Monday, July 2, 2018

Number of Indians referring Urdu as their mother tongue declines: Census Data

New Delhi: Number of Indians who used to refer Urdu as their mother tongue has declined by about 1.58%, the latest Census data released Friday said.
Urdu dropped from the 6th place in 2001 (51 million speakers) to the 7th place in 2011 with 50 million people mentioning it as their mother tongue. Gujarati, which was ranked 7th in 2001 with 46 million speakers, moved ahead of Urdu to occupy the 6th spot with 55 million speakers in 2011, according to the Census data.
Urdu is normally considered as the preferred language of Indian Muslims, though there are a good number of non-Muslims who are "proud speakers" of the language. Interestingly, the number of Urdu speakers has fallen despite the Muslim population increasing by around 30 million between 2001 and 2011.
Hindi was the fastest growing language in India at 25.19% adding close to a 100 million speakers between 2001-2011. Kashmiri (22.97%), Gujarat (20.4%), Manipuri  (20.07%), and Bengali (16.63%) are the second, third and fourth fastest growing languages, respectively, the latest Census data said.
There are now 260,000 people who refer English as their mother tongue - up from 226,000 in 2001 and an increase of 14.67%. The most number of English speakers are from Maharashtra (104,000) followed by Tamil Nadu and Karnataka.

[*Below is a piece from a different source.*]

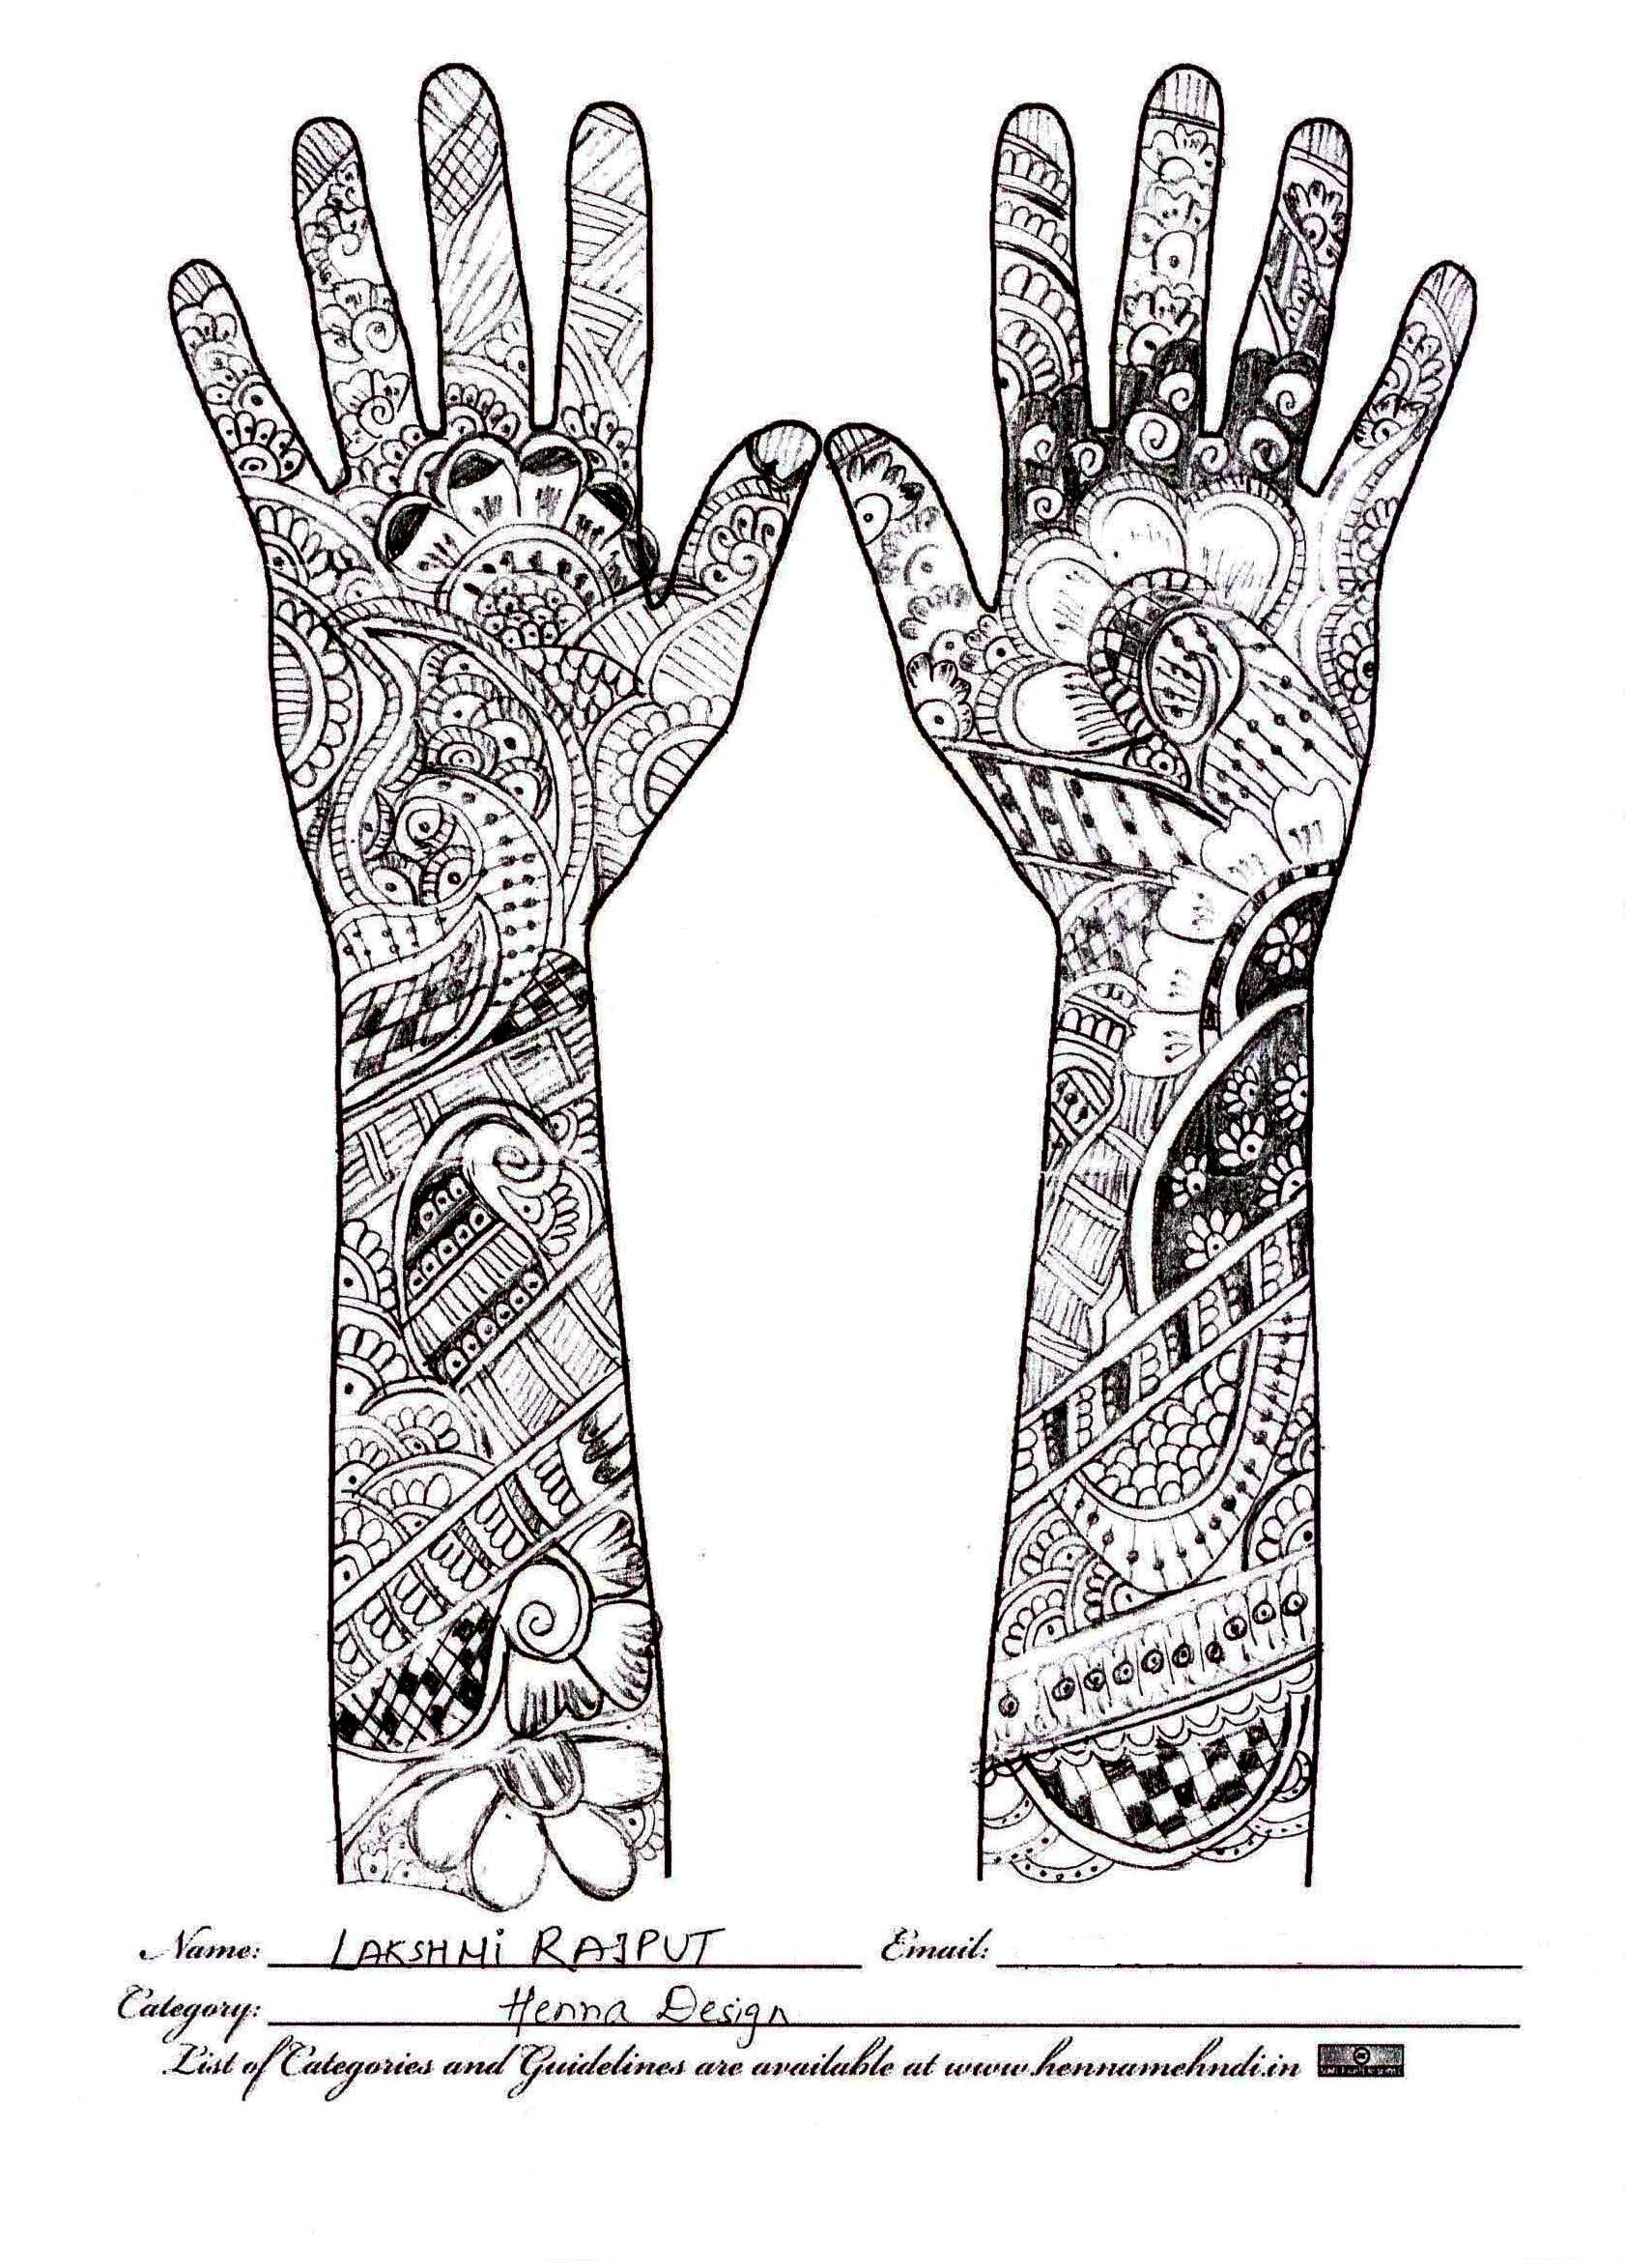 henna design tatto pinterest figuras humanas colorear y mandalas. Black Bedroom Furniture Sets. Home Design Ideas

Sanskrit remains the least spoken among the scheduled languages – officially recognised – with 24,821 speakers despite an increase of 76% from 2001. Marathi speakers on the other hand, went up to 7.09 per cent from 6.99 per cent.

The census data confirms that 96.71 per cent of the population identified one of the 22 scheduled languages as their mother tongue. Among scheduled languages, Assamese is another language that has shown growth in the last census. Assamese speakers grew by 16.27 per cent from the 2001 census.

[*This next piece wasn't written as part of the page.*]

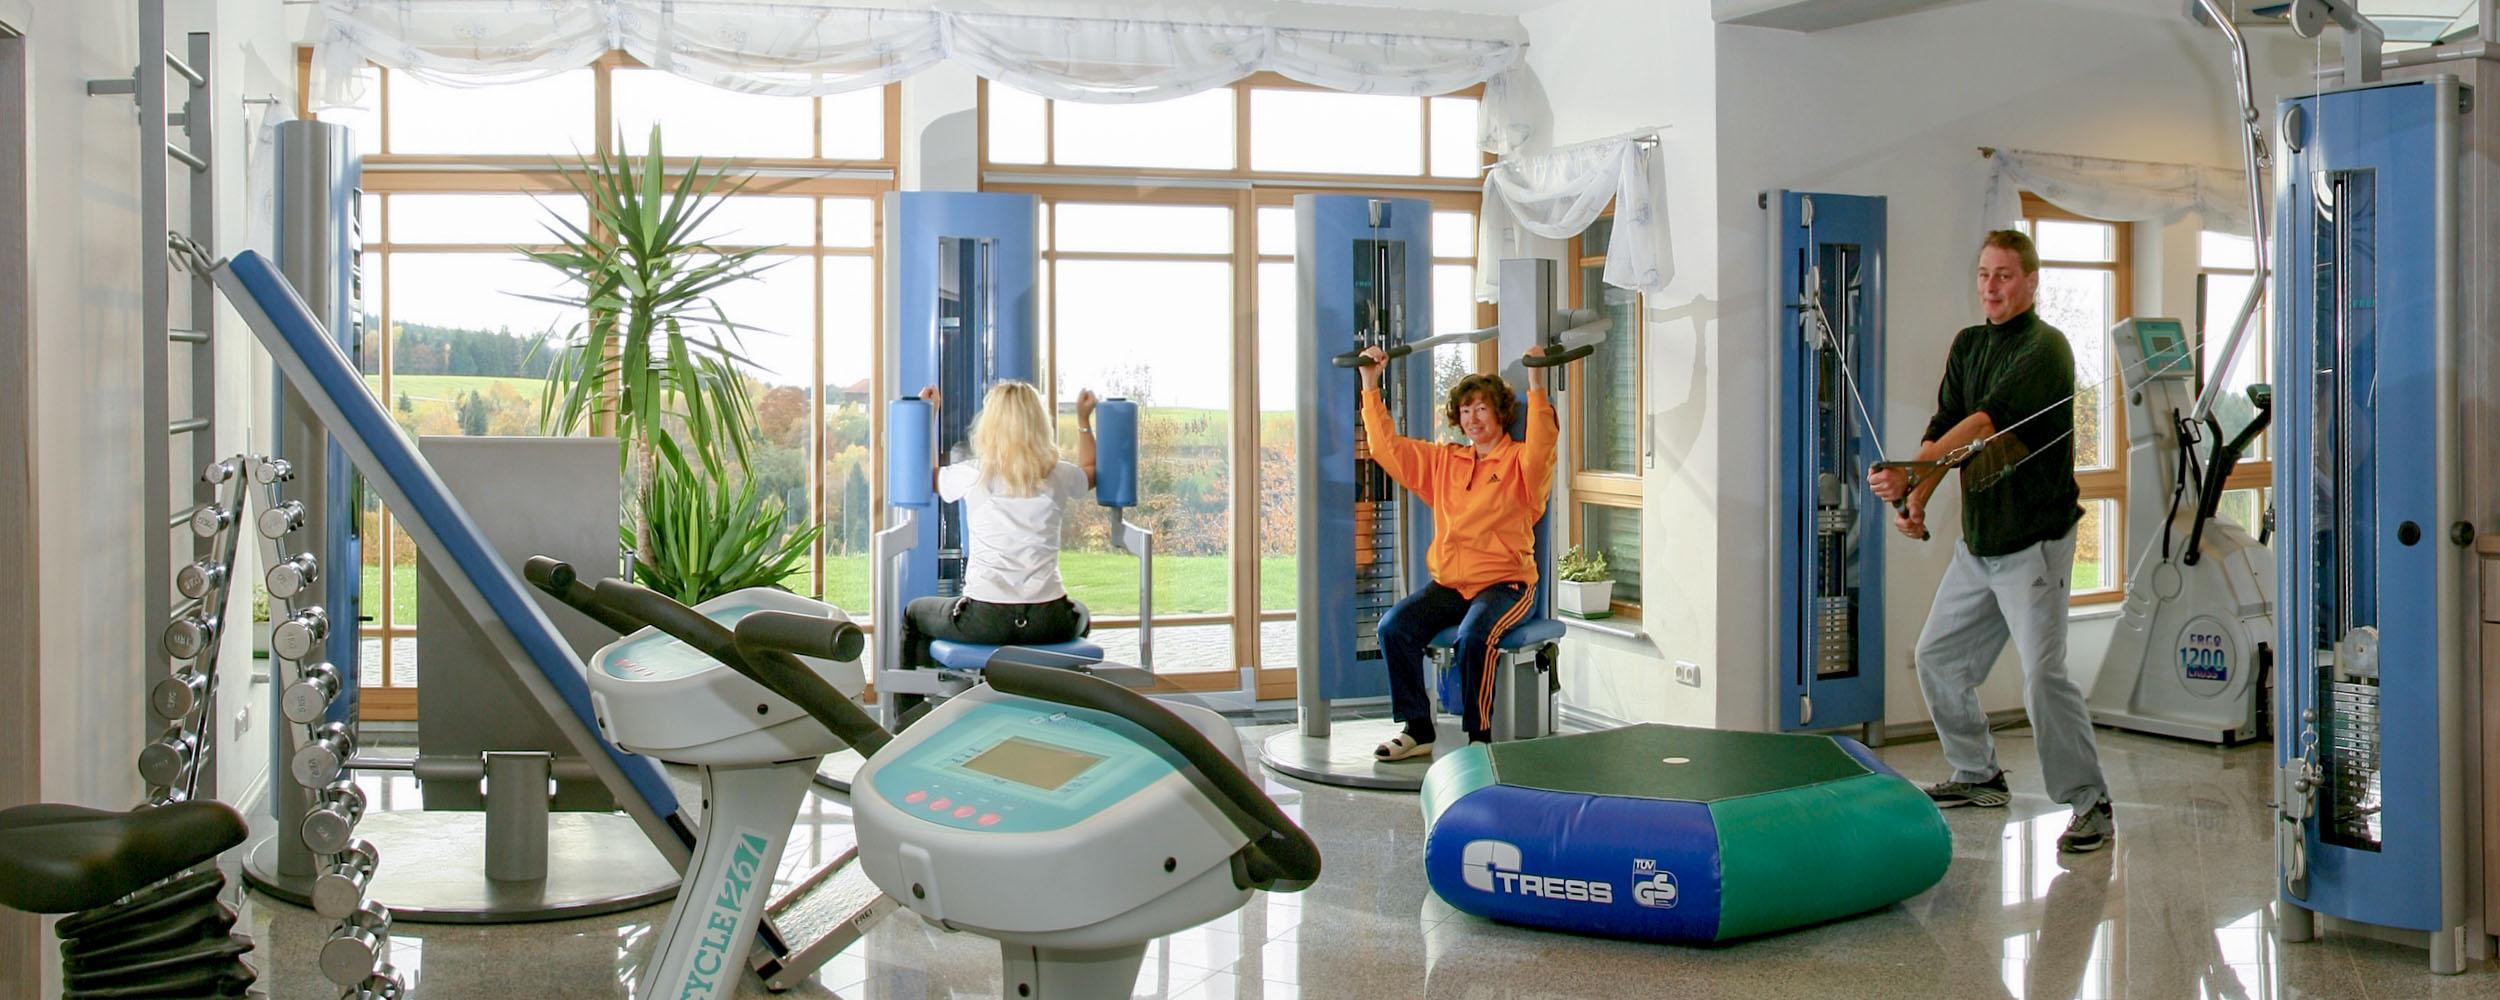 Fitnessstudio im HAUSER HOF

Out of unscheduled languages, the most spoken language was Bhili or Bhilodi, native to Rajasthan and spoken by 1.04 crore speakers.
In Nagaland, Mizoram and Meghalaya, over 80 percent of the population spoke ‘Other Languages’.
Arunachal Pradesh also had a fair share of people (72.13 percent) who spoke other languages. A 2013 linguistics survey carried out by People's Linguistic Survey of India had revealed that India has 780 different languages and at least 66 different scripts.